This letter is in response to David Sirota’s column, “A legend of spat-upon veterans.”  I looked up your biography, Mr. Sirota, and, as I suspected, you are too young to have remembered the Vietnam War.  Let me give you a couple of personal memories:

My then-fiancé, Jack, actually enlisted in the Air Force in 1967 – contrary to the majority who were drafted.  Our families lived in the San Francisco Bay Area, and when Jack’s parents and I took him to the Oakland Induction Center, he had to walk through three solid lines of chanting, yelling picketers to get inside the building.  We were terrified for his safety.

In 1970, Jack came home from a tour of duty – a year – in Southeast Asia.  He’d been stationed up on the Thailand-Laos border at a base that few people knew existed.  During the year he was gone I’d given birth to our first child, our daughter Diana.  Jack’s parents and I, with our baby, drove out to Travis AFB in the valley to greet him on his return home that June.  Again, we drove through picketers at the front entrance to the base.  When we got to the families’ waiting area, there was only one other couple there.  Throughout the terminal, there was complete silence.

The huge C-130 landed, and out of it stepped 200 skeletal memories of the men who once had been.  At 6 feet tall, Jack now weighed 120 pounds.  I could not even recognize him at first.  Finally he came, and we hugged and kissed in joy that he was even alive.  The other soldiers and airmen got off that plane in complete silence – coming home to no one, and no cheers, and no welcome signs.  Just silence.

I don’t know if being spat upon is worse than absence and silence; you’d have to ask the veterans.  I do know that they served during a time of incredible protest against them personally as well as against the war; I clearly remember one instance where a friend of ours was called a baby-killer.  As much as I have always hated war – and don’t even begin to understand it – for me to have protested the war in those days would have been seen as protesting something my husband chose to do.  I stayed home.

Fast forward about 26 years, and my son, John, is getting off a plane in Salt Lake City, returning from a deployment to Saudi Arabia; he had been stationed at Dhahran when the bomb exploded at the housing complex, and had spent 18 hours helping out in rescue and recovery efforts. The airport was crowded with people waiting to welcome home these returning airmen and soldiers, with families holding balloons and signs and cheering.  It was an incredibly welcome difference.

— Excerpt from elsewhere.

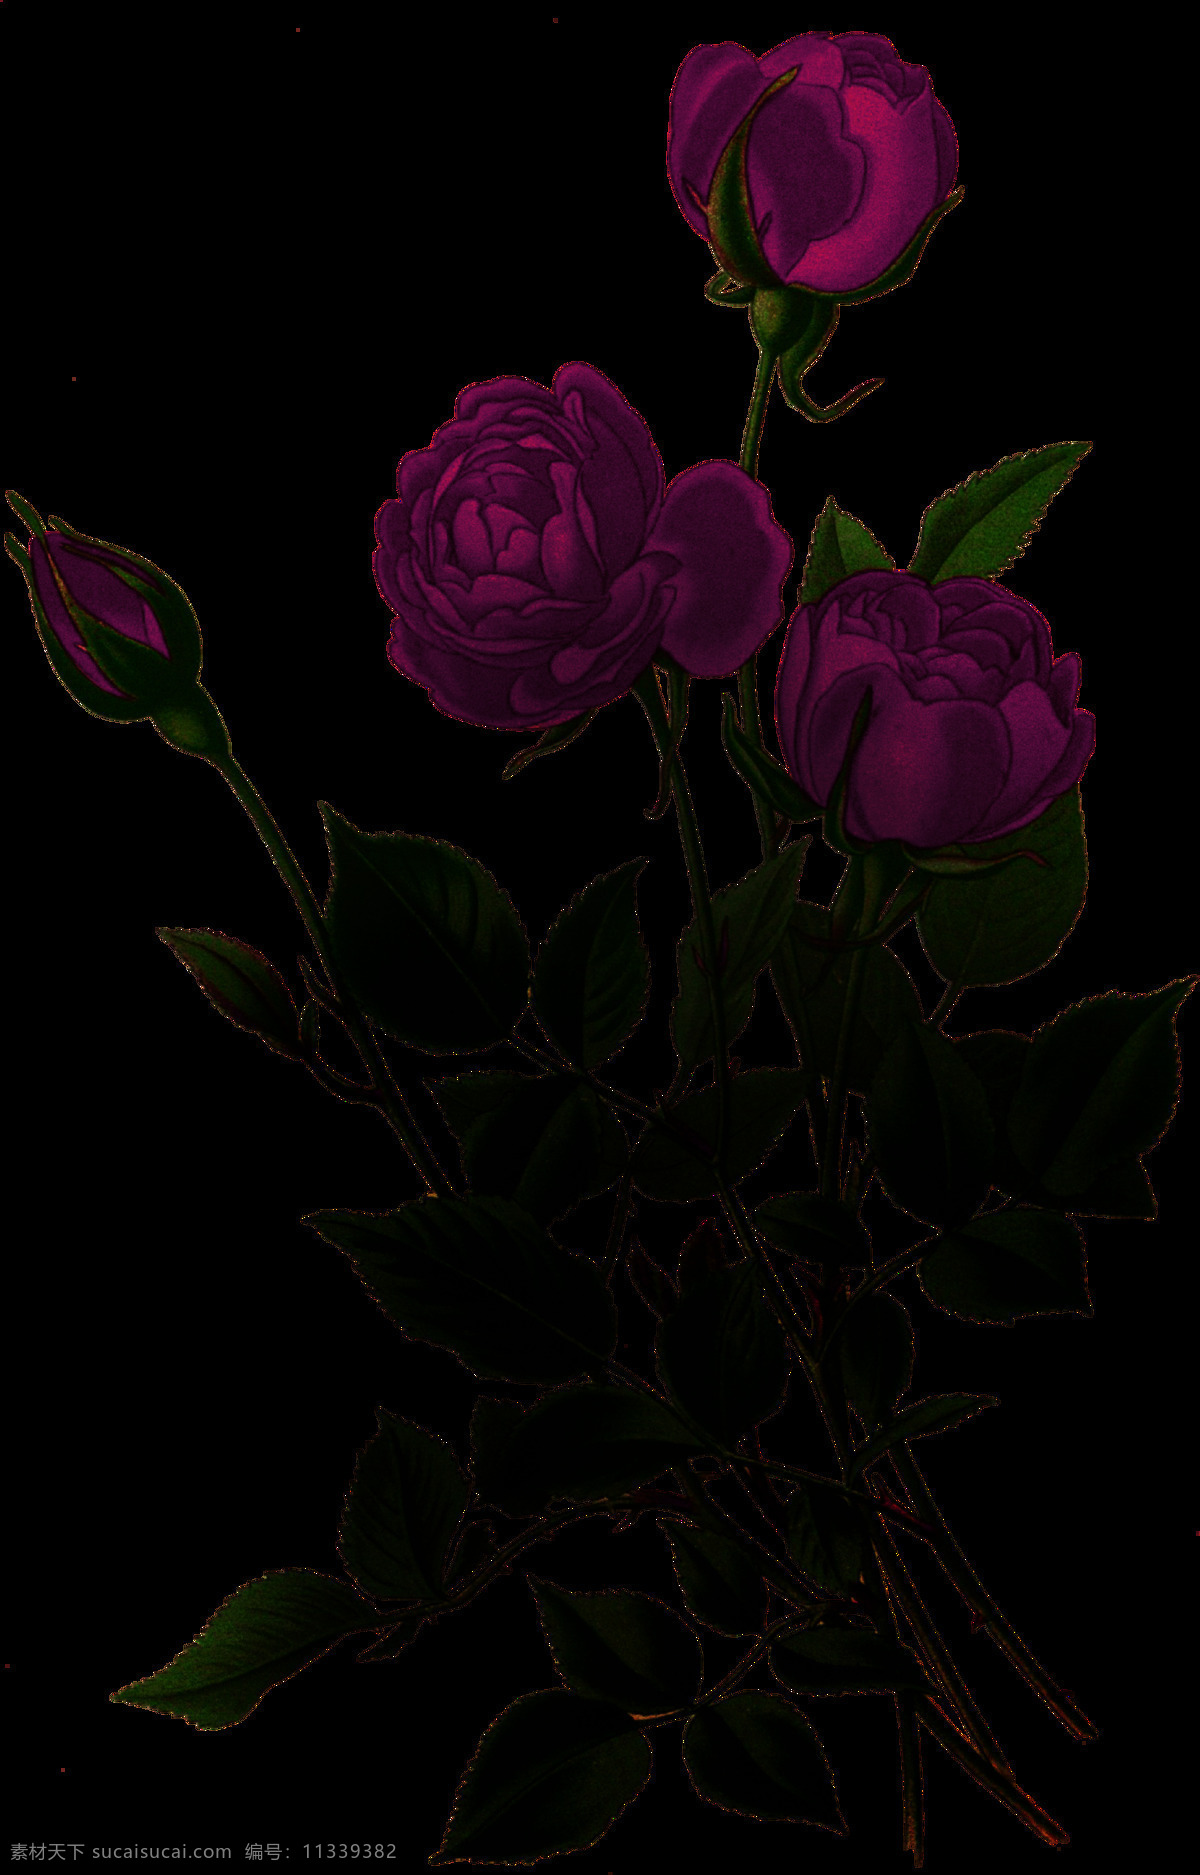 暗黑 风 植物 花朵 暗黑风 装饰图案 哥特 恐怖 吓人 万圣节 花纹
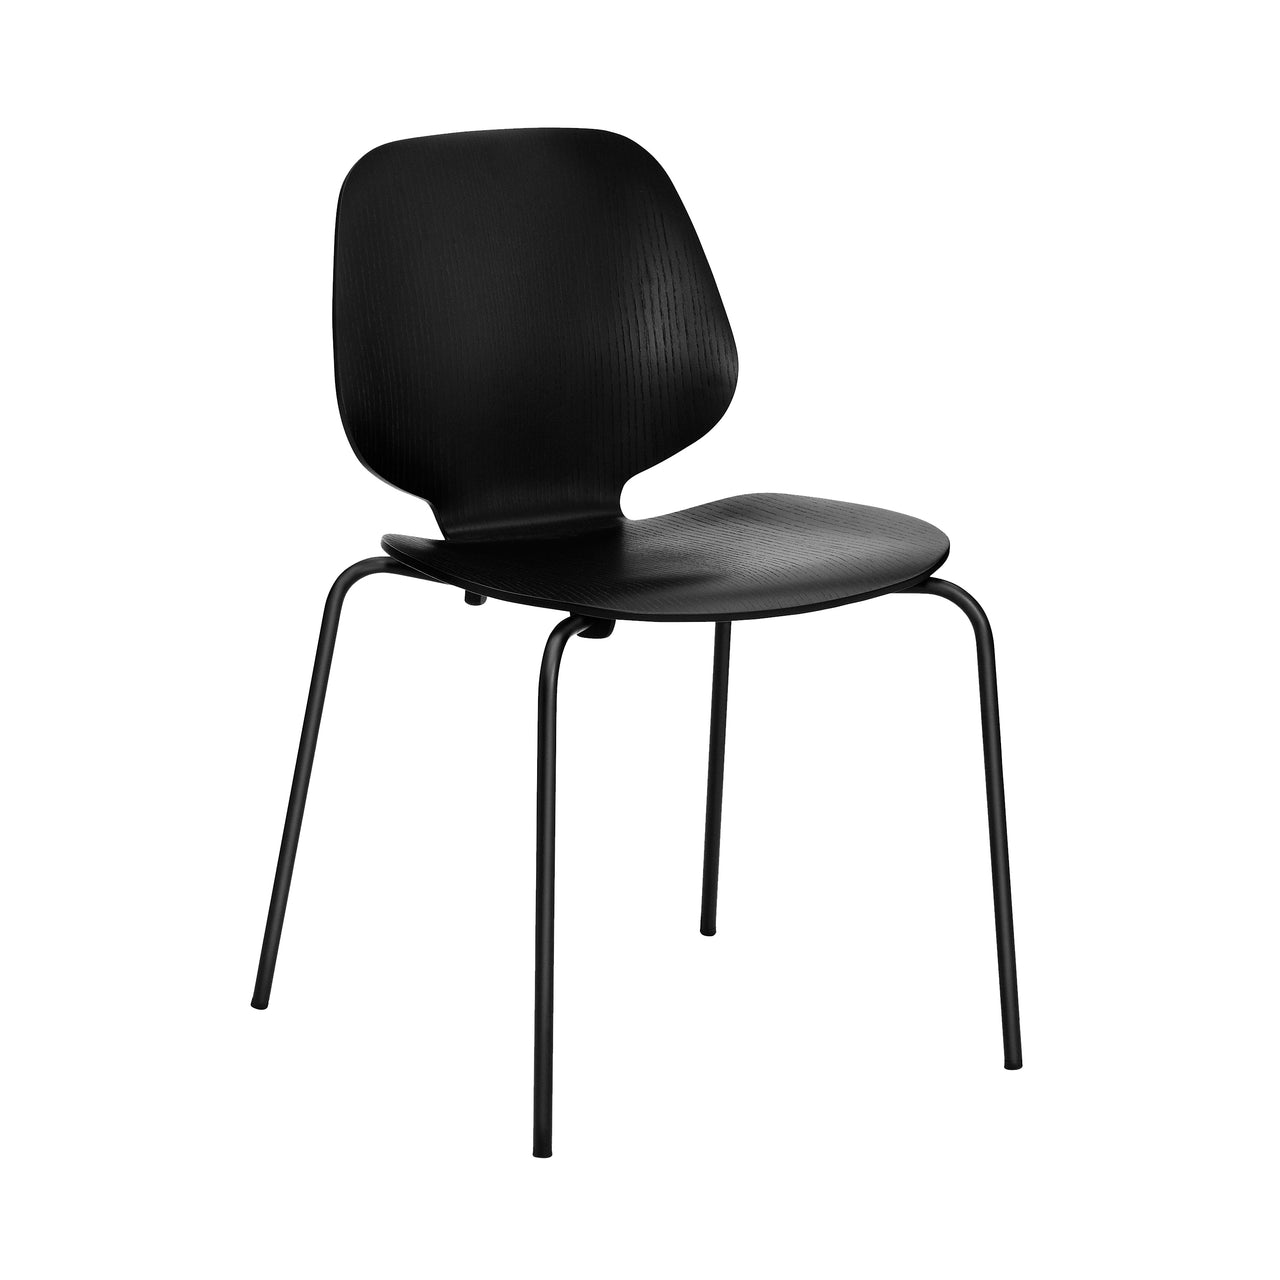 My Chair: Metal Base + Black + Black Steel

But because things have changed for the better doesn’t mean we should forget what happened years ago.  The scene at Travis AFB is forever burned into my mind, because we let a generation of service members come home with silence instead of a welcome; with insults instead of understanding; with a casual, cynical attitude instead of compassion.  We do need to remember.  Research reports and books don’t always cut it; sometimes you just had to be there.